I've got to hear that one. Thanks!


----------



## violadude (May 2, 2011)

Mahlerian said:


> I'd nominate Stravinsky's Threni, a 12-tone piece on texts from the Bible's Lamentations combining influences from Krenek (who had written a piece of the same subject), Webern, and Renaissance polyphony. There are only two commercial recordings available. One is in the Sony Stravinsky set, conducted by the composer, and it has its virtues, but feels a little rough. The other (which is out of print) was conducted by Robert Craft for Koch, and it's less rough, but lacks some of the other version's fire.
> 
> I think it's pretty clear why it's never performed. It's a difficult score to perform, requiring a large orchestra (including the contrabass sarrusophone) and several soloists, but it's not flashy or showy at all, and probably won't draw a crowd by itself.


Woah, I've never heard of this piece.


----------



## starthrower (Dec 11, 2010)

I've heard of it. I own the box set, but haven't listened to it.


----------



## violadude (May 2, 2011)

I don't know exactly how well or little known it is, but how about Schumann's beautiful piece "Marchenerlahzungen" for clarinet, viola and piano.


----------



## Mahlerian (Nov 27, 2012)

violadude said:


> Woah, I've never heard of this piece.


I'm still waiting for a recording that does it justice. In addition to the two I mentioned, there's also a live one from Haitink and the Royal Concertgebouw Orchestra, but I haven't heard it, and it's only available on a set that costs several hundred on Amazon.



violadude said:


> I don't know exactly how well or little known it is, but how about Schumann's beautiful piece "Marchenerlahzungen" for clarinet, viola and piano.

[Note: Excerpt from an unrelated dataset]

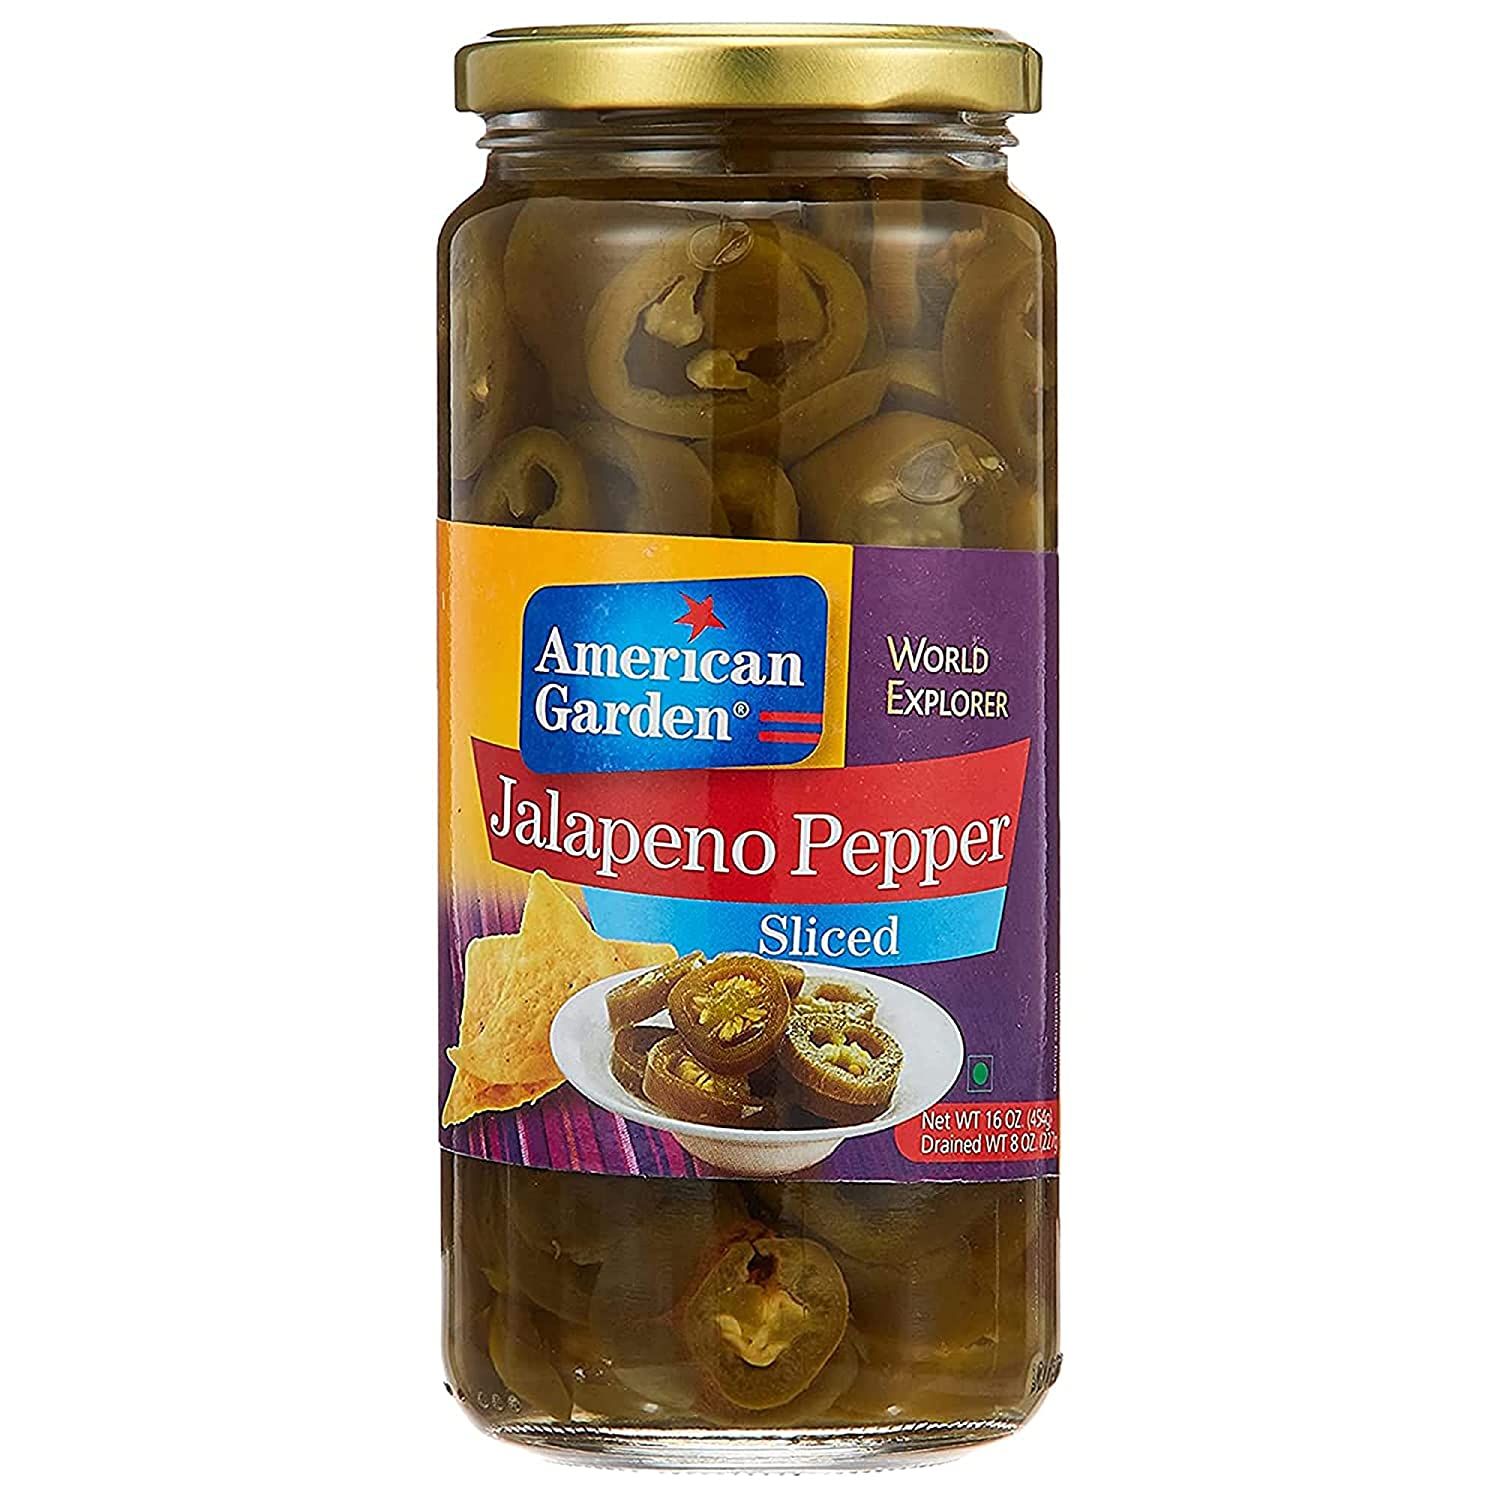 American Garden Jalapeno Pepper Sliced Olives Image

I haven't heard it before. I'll listen right now.


----------



## SottoVoce (Jul 29, 2011)

Mahlerian said:


> I'd nominate Stravinsky's Threni, a 12-tone piece on texts from the Bible's Lamentations combining influences from Krenek (who had written a piece of the same subject), Webern, and Renaissance polyphony. There are only two commercial recordings available. One is in the Sony Stravinsky set, conducted by the composer, and it has its virtues, but feels a little rough. The other (which is out of print) was conducted by Robert Craft for Koch, and it's less rough, but lacks some of the other version's fire.
> 
> I think it's pretty clear why it's never performed. It's a difficult score to perform, requiring a large orchestra (including the contrabass sarrusophone) and several soloists, but it's not flashy or showy at all, and probably won't draw a crowd by itself.


I'm pretty sure you have heard this before, but if you are interested in Stravinsky's Renaissance side, check out Canticum Sacrum. I'm shocked to see that most people completely ignore Stravinsky's late output, while it boasts some of the greatest music he had ever written.


----------



## violadude (May 2, 2011)

Mahlerian said:


> I haven't heard it before. I'll listen right now.


What did you think?


----------



## violadude (May 2, 2011)

SottoVoce said:


> I'm pretty sure you have heard this before, but if you are interested in Stravinsky's Renaissance side, check out Canticum Sacrum. I'm shocked to see that most people completely ignore Stravinsky's late output, while it boasts some of the greatest music he had ever written.


I think the only late Stravinsky piece I'm familiar with is Agon, which I think is a really fun and awesome piece! The opening sounds like the innovation and modernism of the 20th century reflected in music.


----------



## ptr (Jan 22, 2013)

With the strong Mahlerian advocacy I had to dust of the Complete Stravinsky boxed LPset on Columbia...
Interesting, I must have listened to it previously but have no memory of it, less rhythmical than the Symphony of Psalms, I have a real difficulty with Tenors that sing on the top of their voice. The spoken Choir against the low instruments is very likable! But I wonder if a modern recorded version would put it in a very different light?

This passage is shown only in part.